Still considering the procedure for HB, Salman and Laureano (2006) evaluating three genomic DNA extraction protocols, from 5 and 40 by those from the bovine withers, found the best result in the trial that used proteinase K, phenol - chloroform and 40 hair units with a purity of 1.8 and a concentration of 753 ng µL^-1. However, this protocol proved to be expensive and laborious, lasting 28 hours.

In another study, Guan et al. (2013) evaluated three enzymatic methods of extracting gDNA from goat hair using enzymatic laundry powder from different brands. The concentration averages obtained using soap were lower than those obtained in this study, with 15.82 ng µL^-1 being the best concentration obtained with DiaoTM.
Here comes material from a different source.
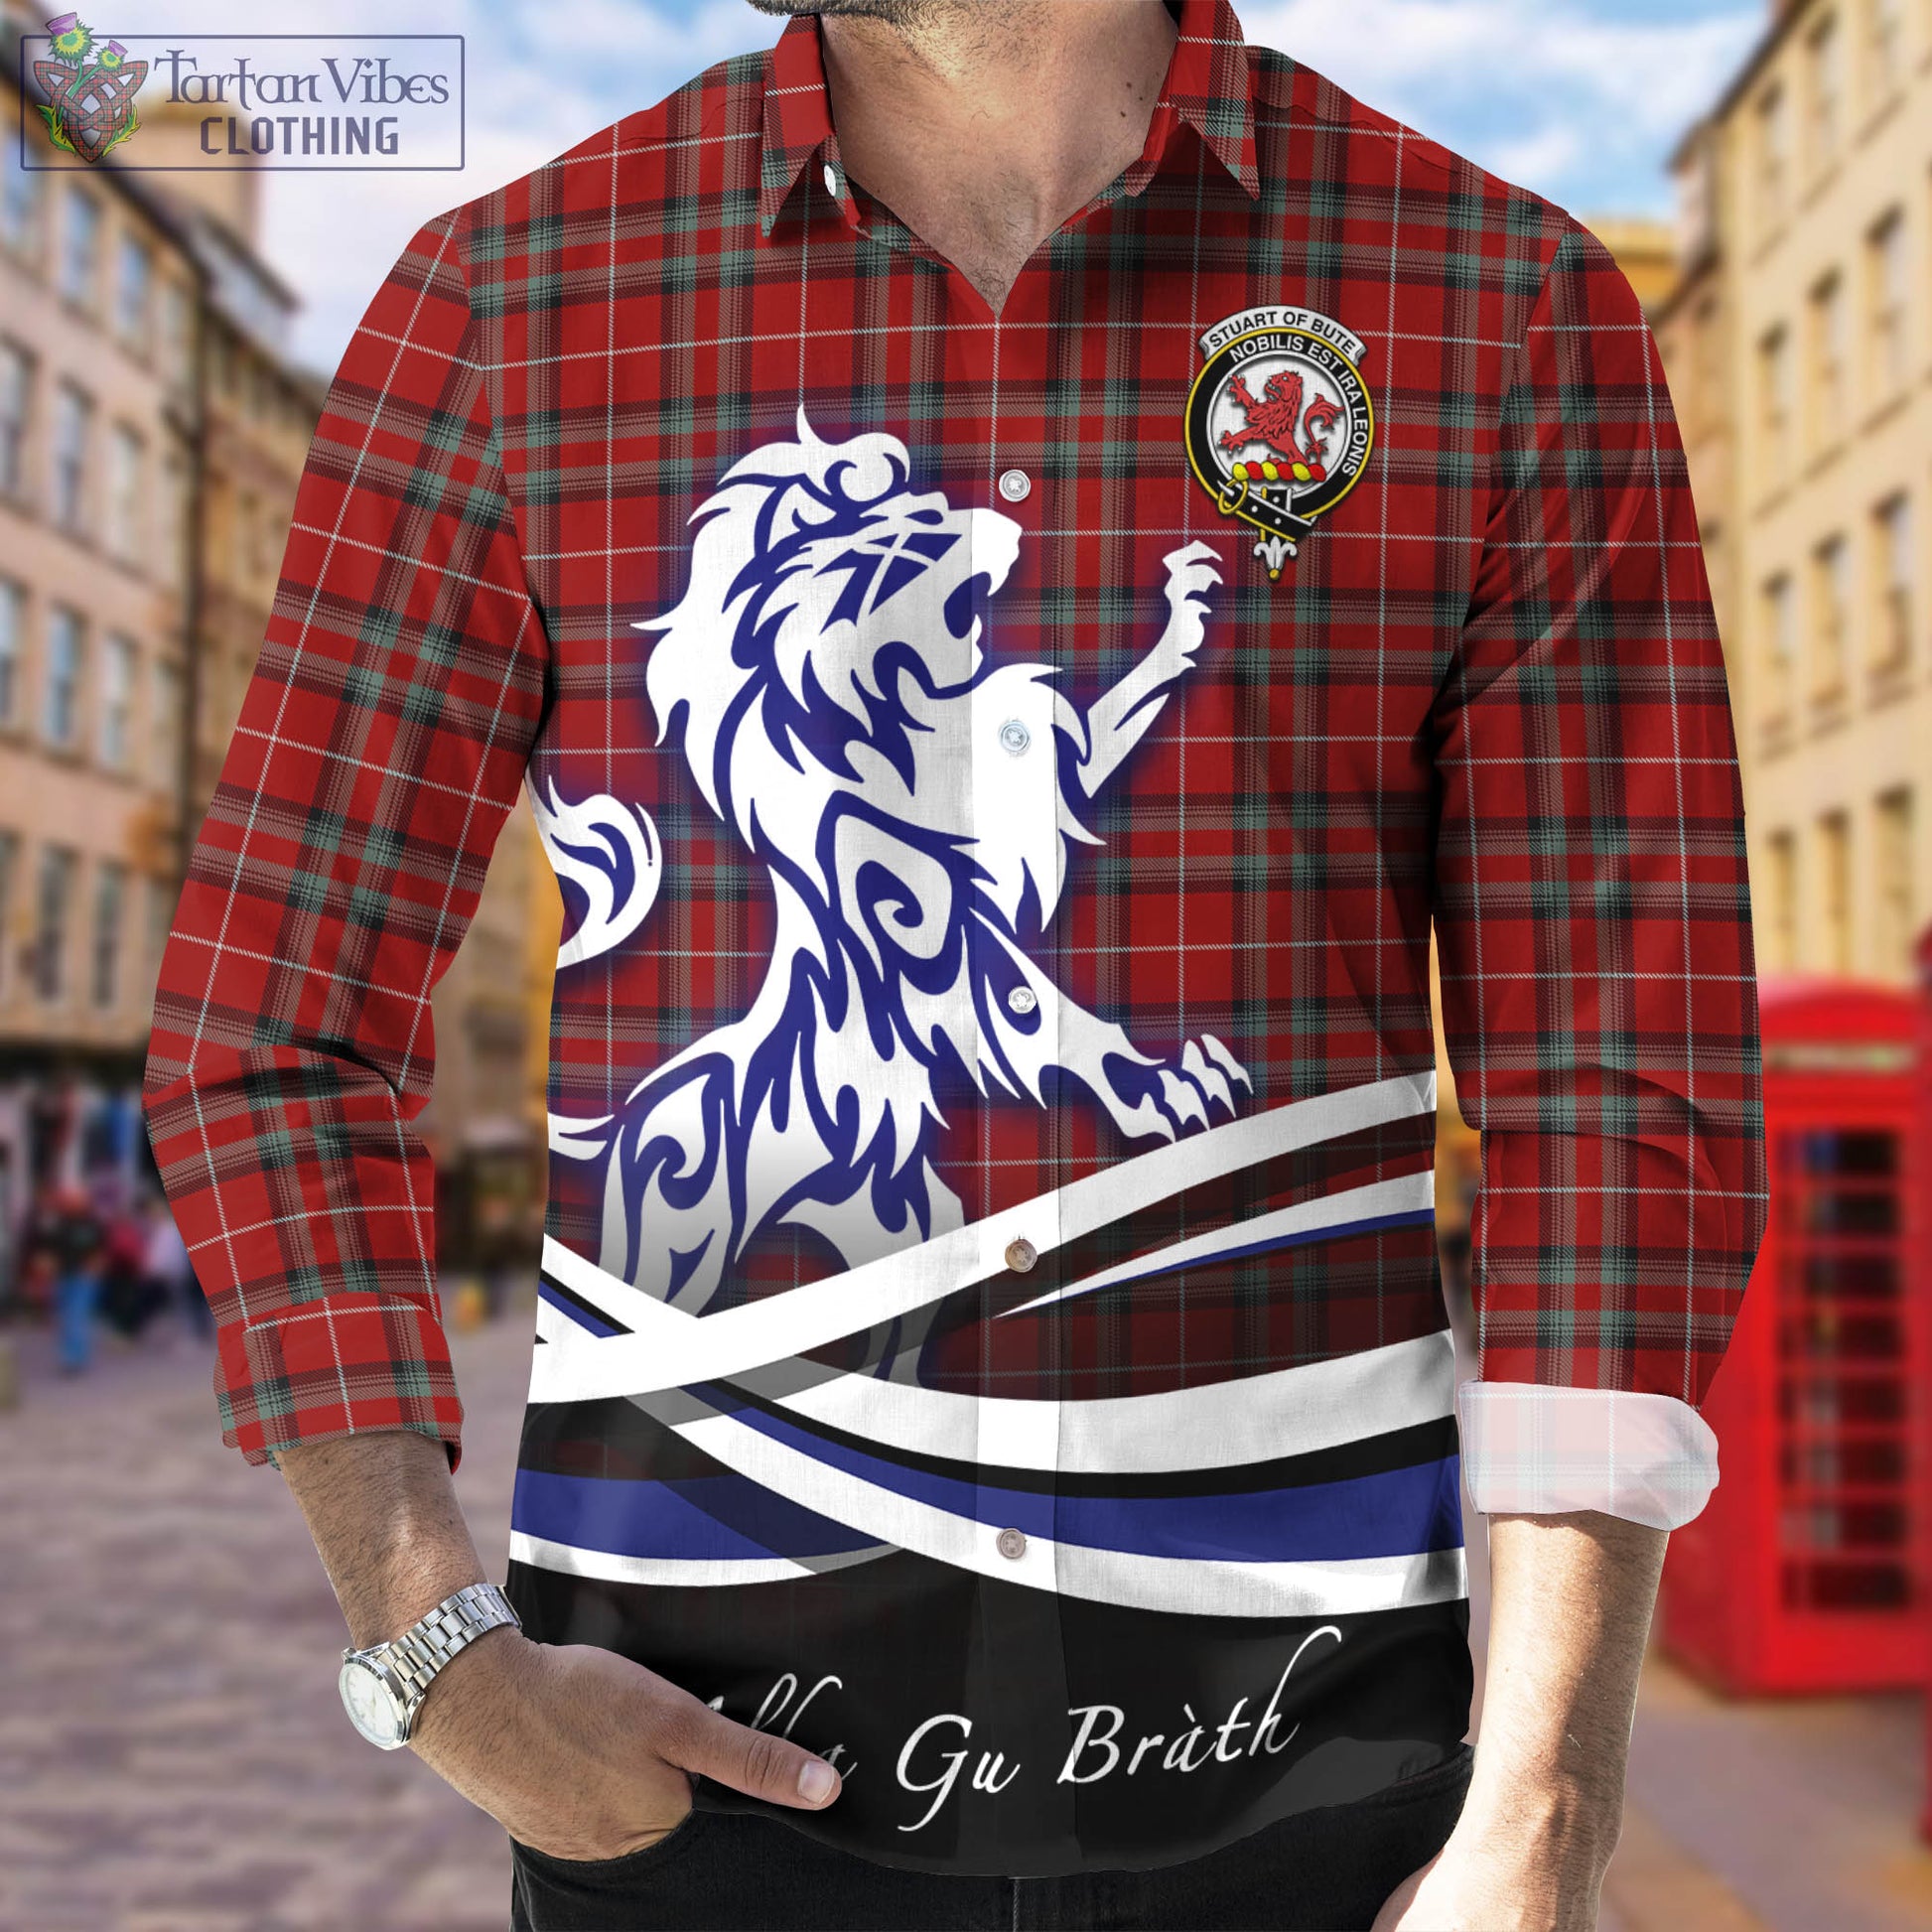 stuart-of-bute-tartan-long-sleeve-button-up-shirt-with-alba-gu-brath-regal-lion-emblem

The use of automated extraction protocols, such as PrepFiler BTATM and AutoMate ExpressTM for isolating genomic DNA from human hair, used by Almeida et al. (2011), are characterized by high cost, being justified for forensic approaches that use sources with scarce amounts of biological material in solving crimes, for example. Hence, due to their cost, they can hardly be applicable in animal science.

DNA extraction from HB cells proved to be the least invasive and practical method from the point of view of material collection, despite providing samples with lower purity compared to other treatments. Hair shafts have a high concentration of keratin that degrades DNA. Hence, they have melanin and eumelanin along the entire stem, known as inhibitors of the PCR reaction (Bessetti, 2007), factor than can influence the purpose of the DNA extracted.

The present study promoted to extract DNA through a simple methodology, using low-cost reagents for spermatozoa and hair bulb cells. In addition, it was very efficient in sheep whole blood, with adequate concentration and purity for other molecular procedures. DNA extraction from whole blood, spermatozoa, and hair bulb cells proved to be fast and with good performance, enabling to optimize molecular biology laboratory routines. In order to improve extracted DNA purity from spermatozoa and hair bulb cells using this protocol, further studies are needed; since it represents a non-invasive, non-painful and practical alternative for DNA extraction.

This work was supported, in part, by the Conselho Nacional de Desenvolvimento Científico e Tecnológico; the Fundação de Apoio à Pesquisa e a Inovação Tecnológica do Estado de Sergipe; and the Coordenação de Aperfeiçoamento de Pessoal de Nível Superior [Finance Code 001].